_SUPPLIED DATA_.
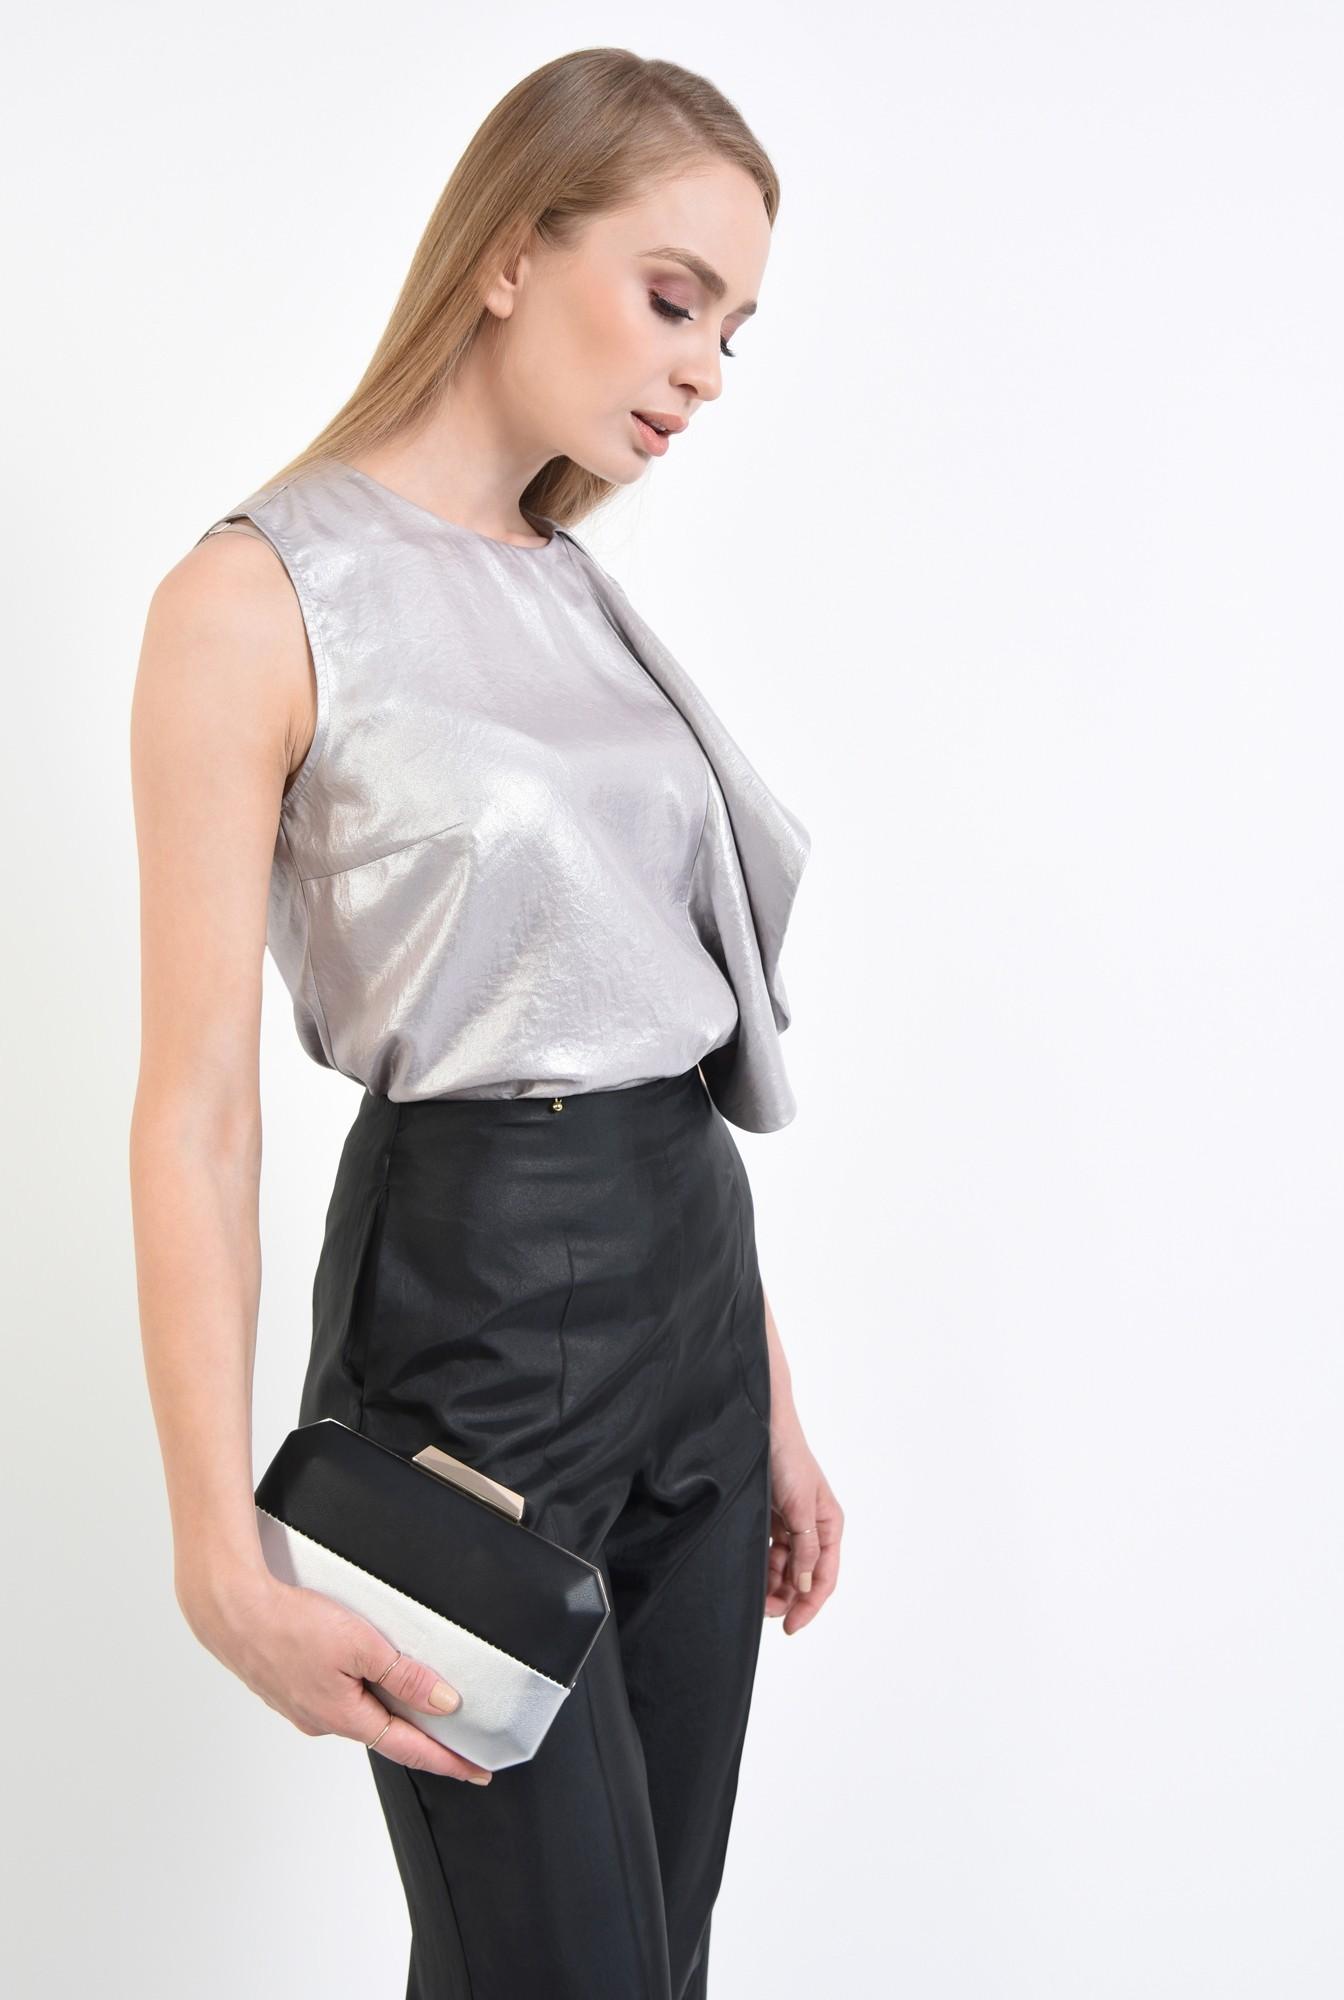 2 - plic bicolor, negru, argintiu, lant detasabil
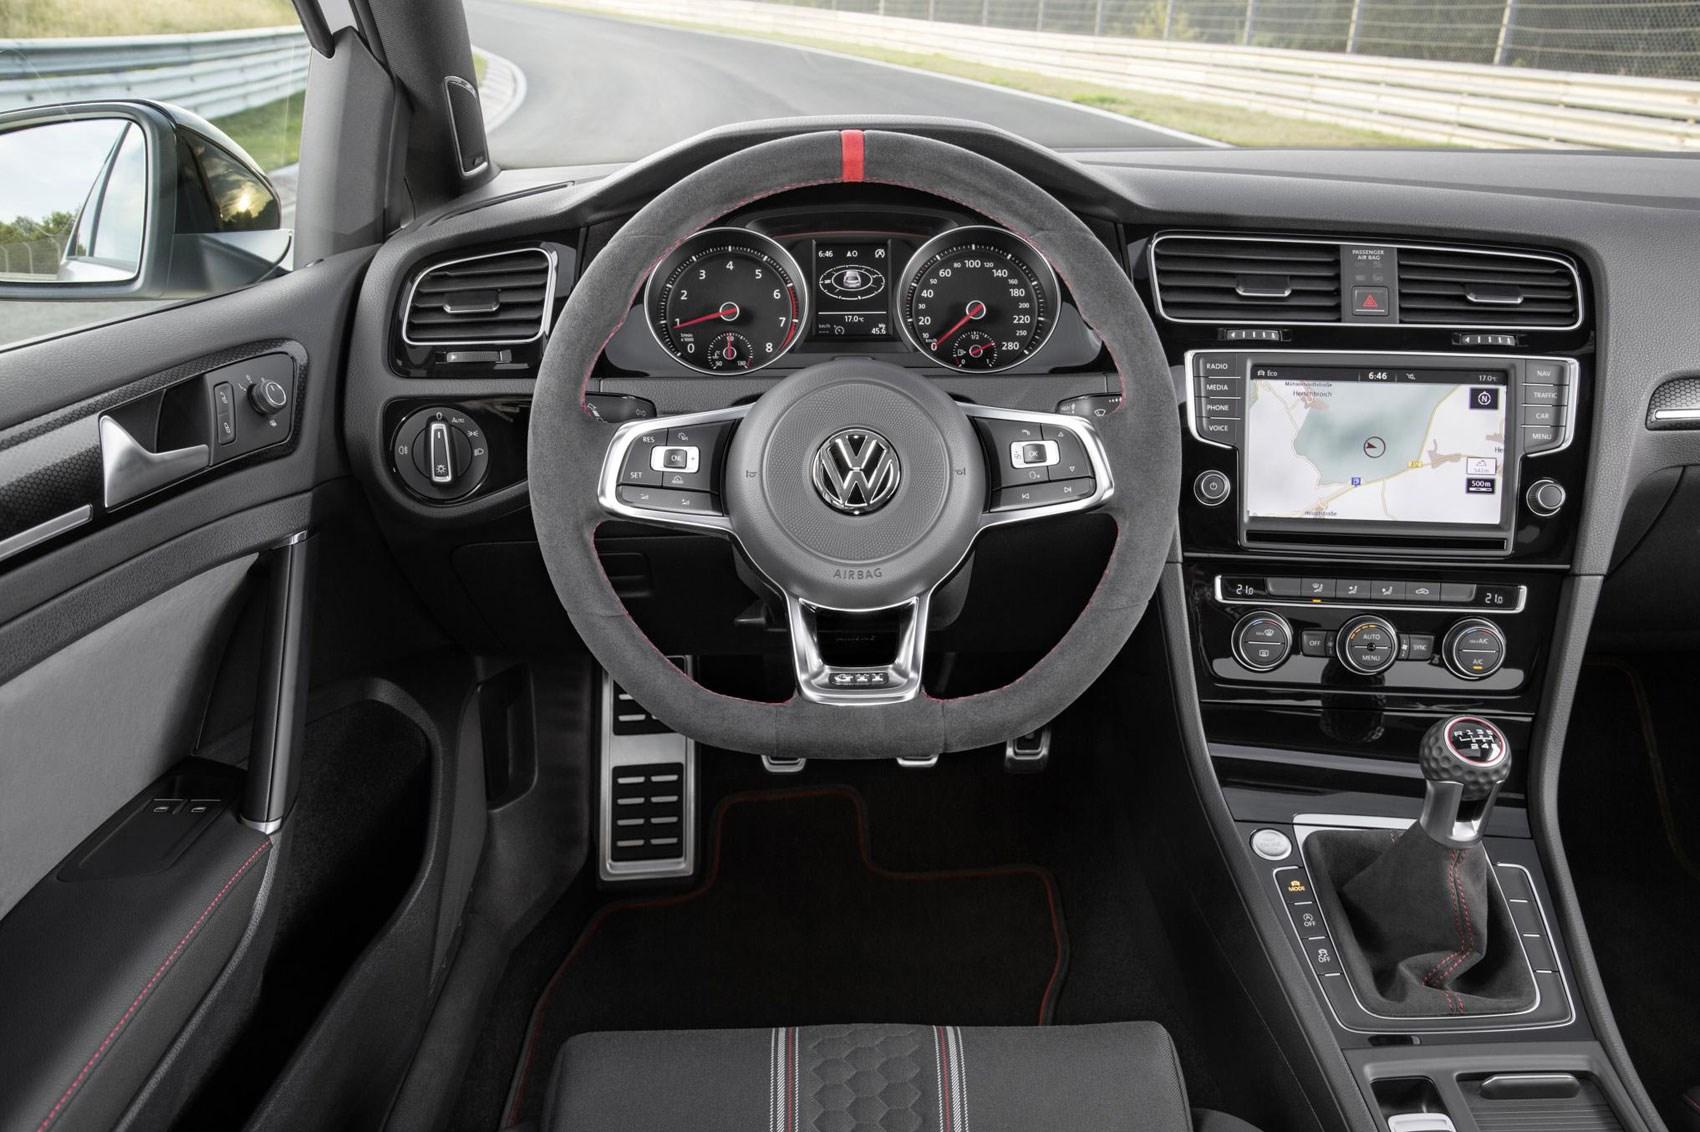 Volkswagen Golf GTI Clubsport Dashboard and Head Unit Panels
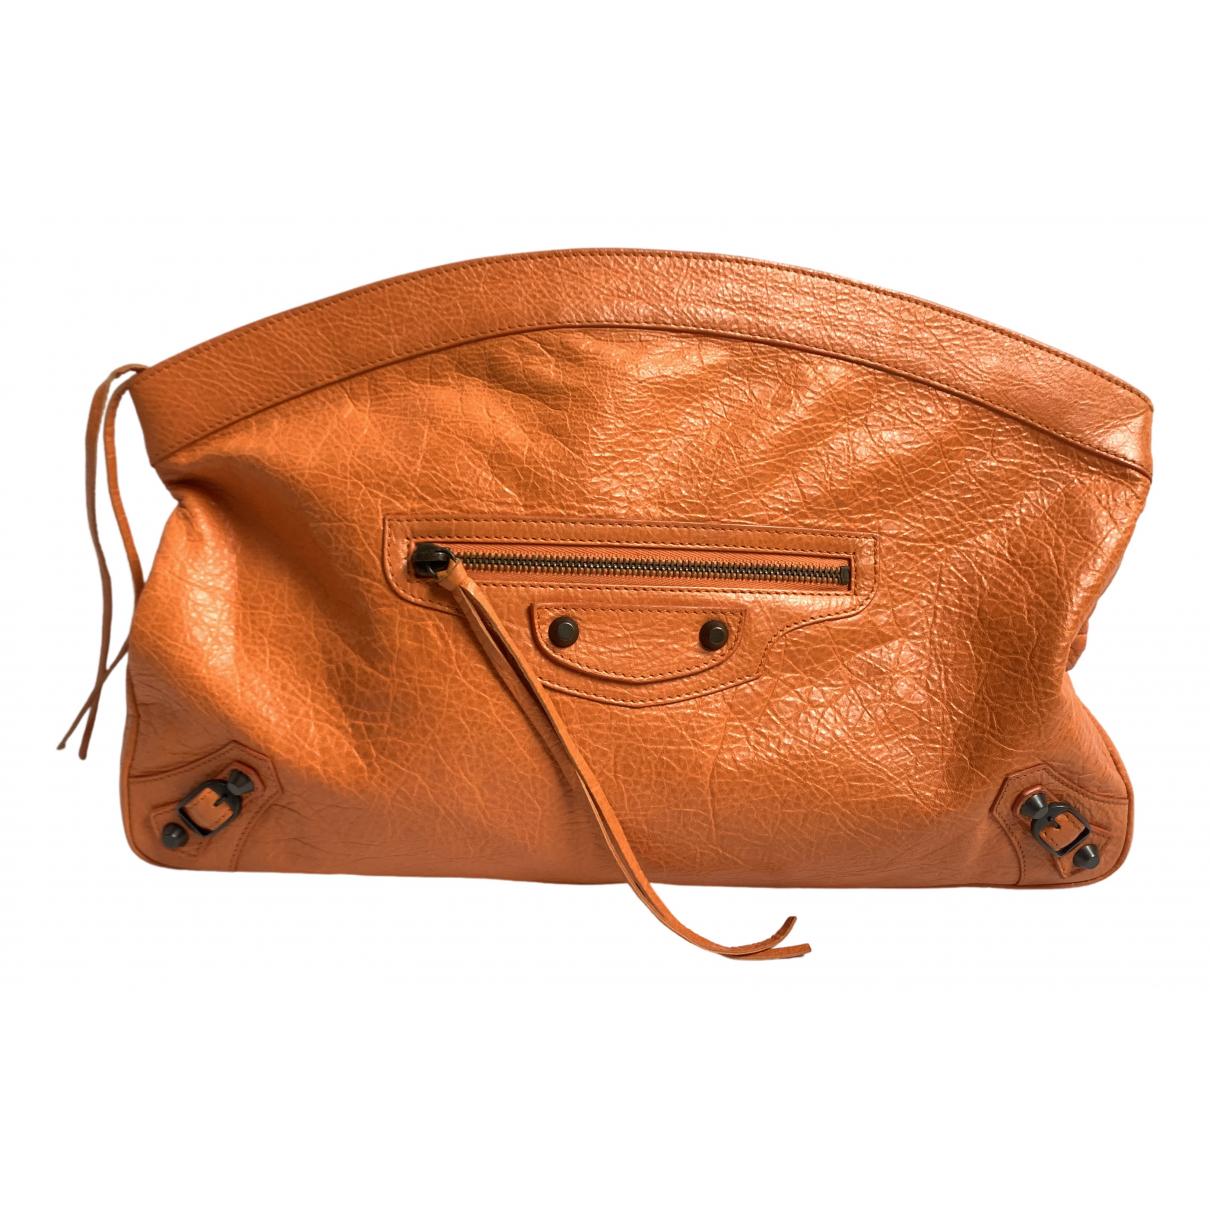 Balenciaga - Pochette   pour femme en cuir - orange
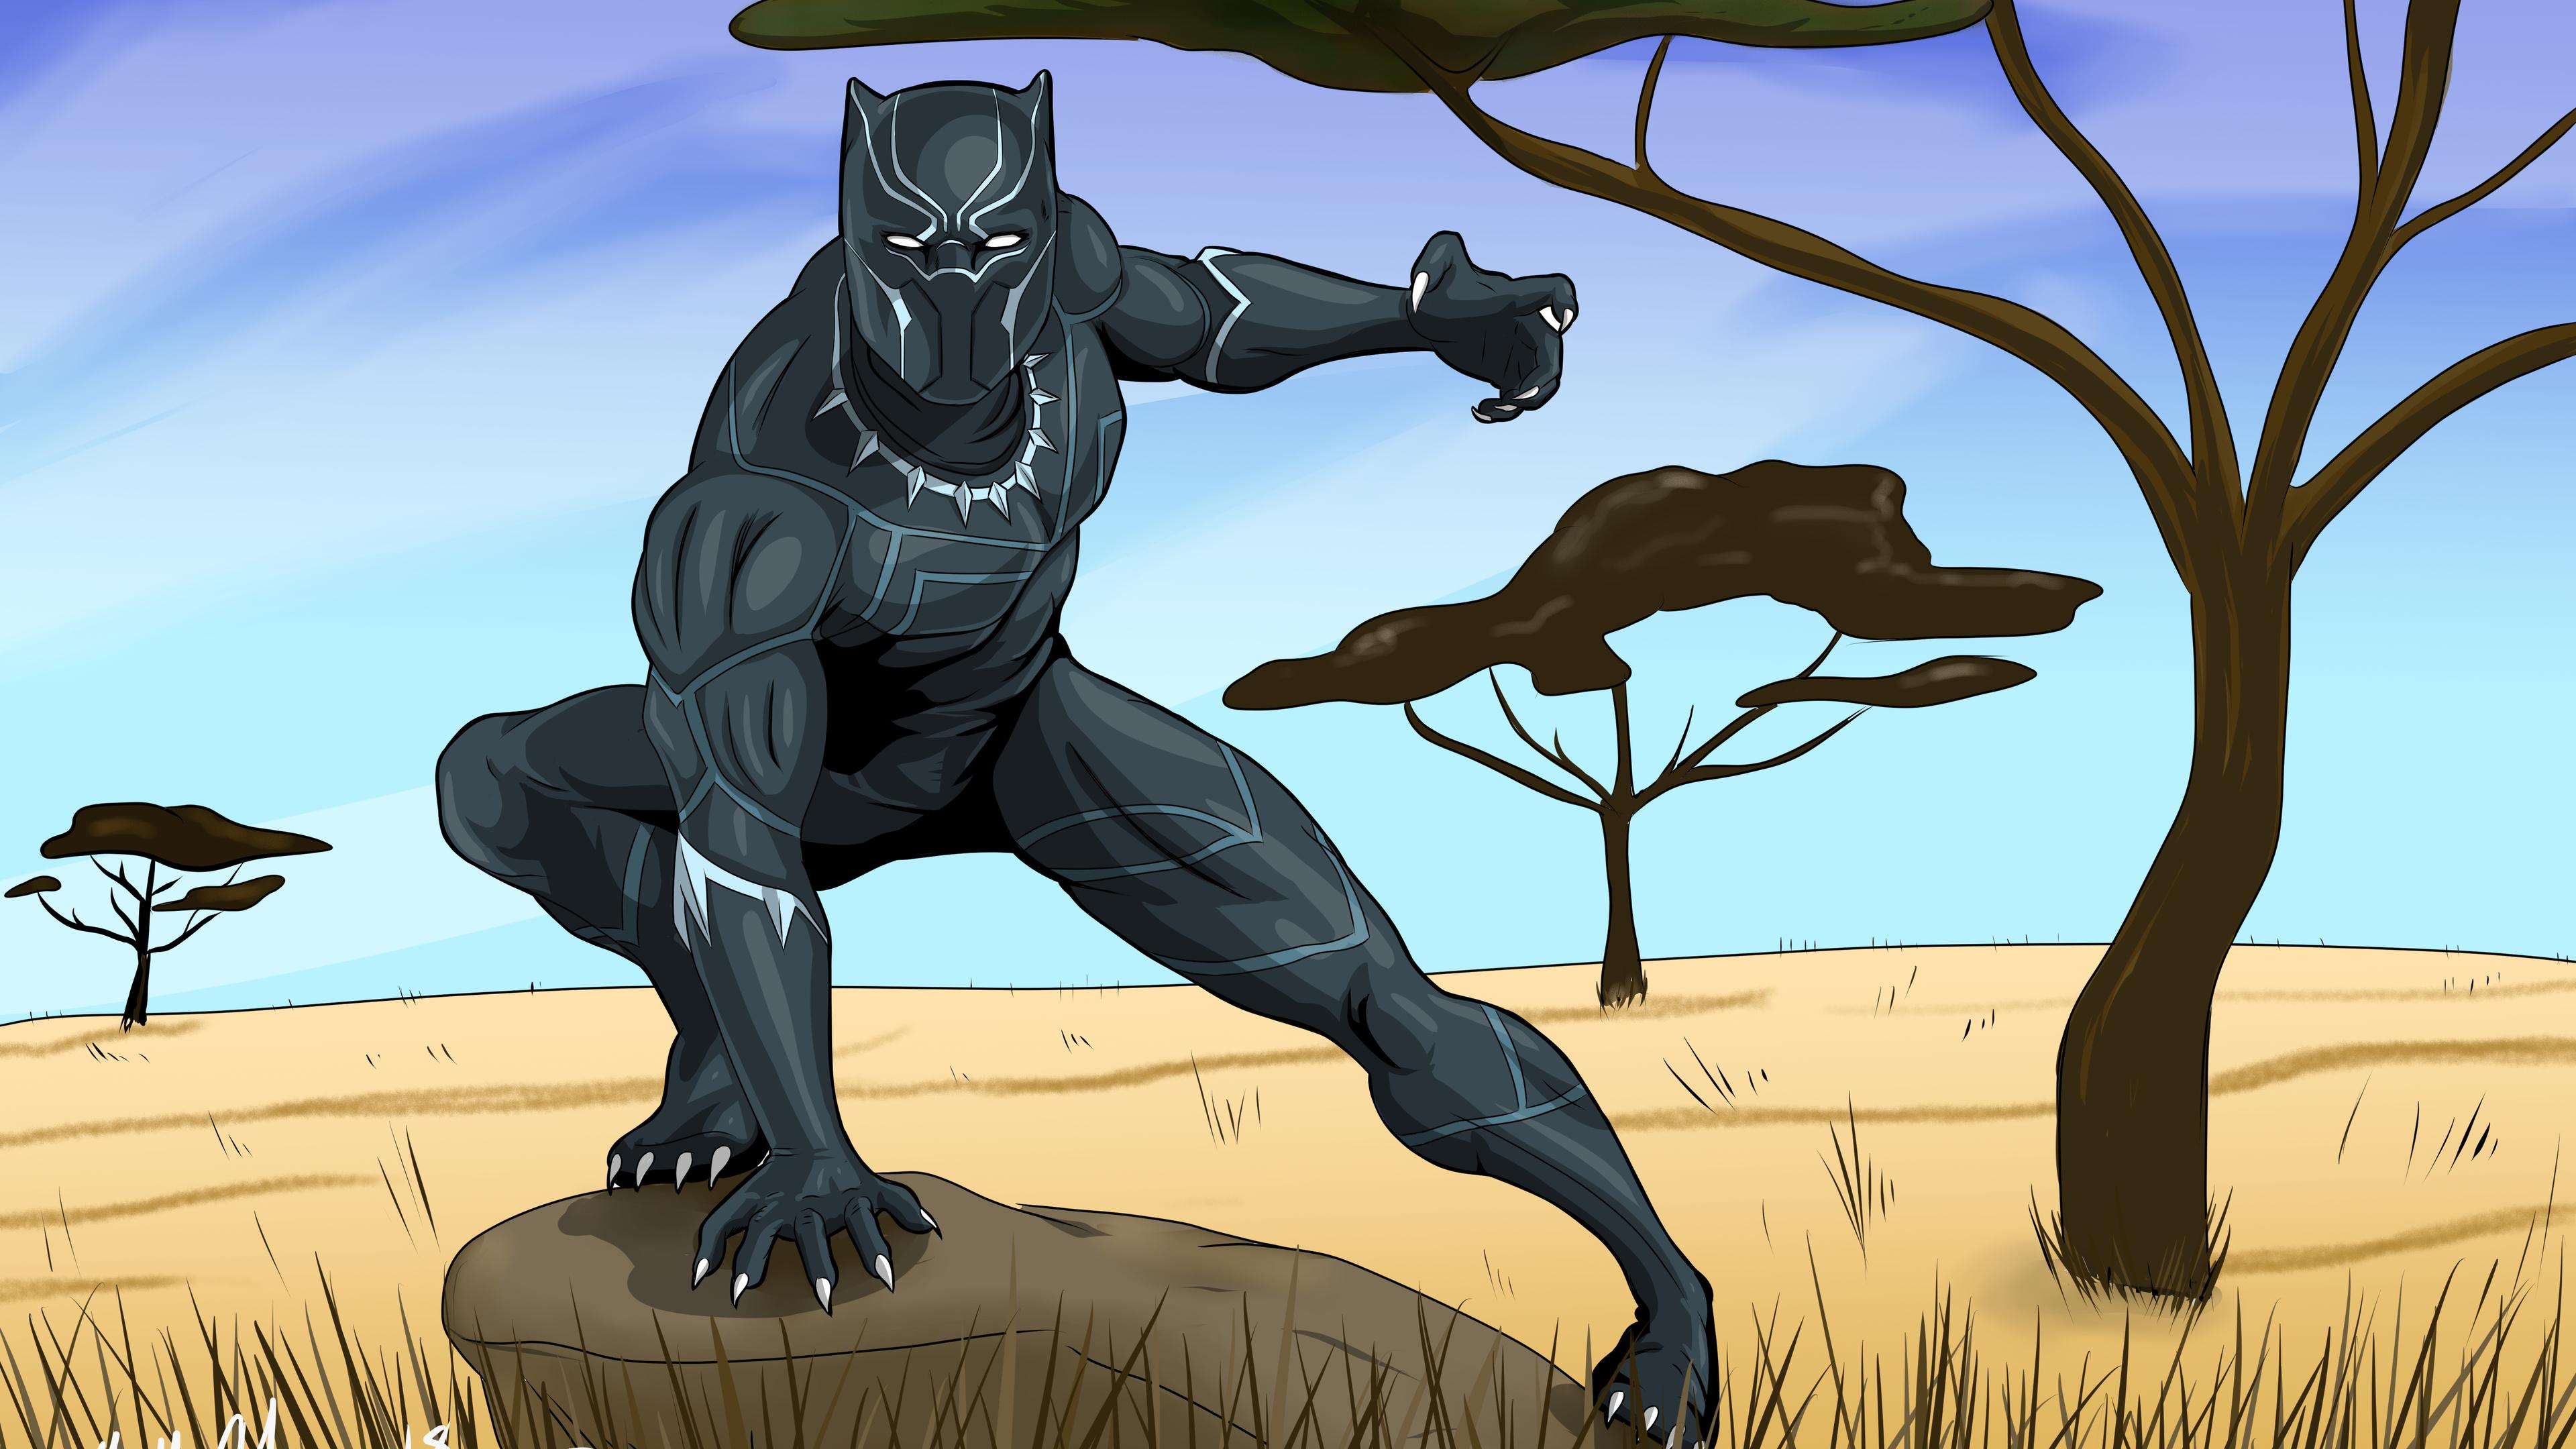 black panther 5k new artwork 1543620149 - Black Panther 5K New Artwork - superheroes wallpapers, hd-wallpapers, deviantart wallpapers, black panther wallpapers, artwork wallpapers, 4k-wallpapers

_WHAT YOU ARE ASKED TO DO_. Restate all of the data word for word and include no pictures.

_OUTPUT FOR THIS TASK_.
 2 - plic bicolor, negru, argintiu, lant detasabil
 Volkswagen Golf GTI Clubsport Dashboard and Head Unit Panels
 Balenciaga - Pochette   pour femme en cuir - orange
 black panther 5k new artwork 1543620149 - Black Panther 5K New Artwork - superheroes wallpapers, hd-wallpapers, deviantart wallpapers, black panther wallpapers, artwork wallpapers, 4k-wallpapers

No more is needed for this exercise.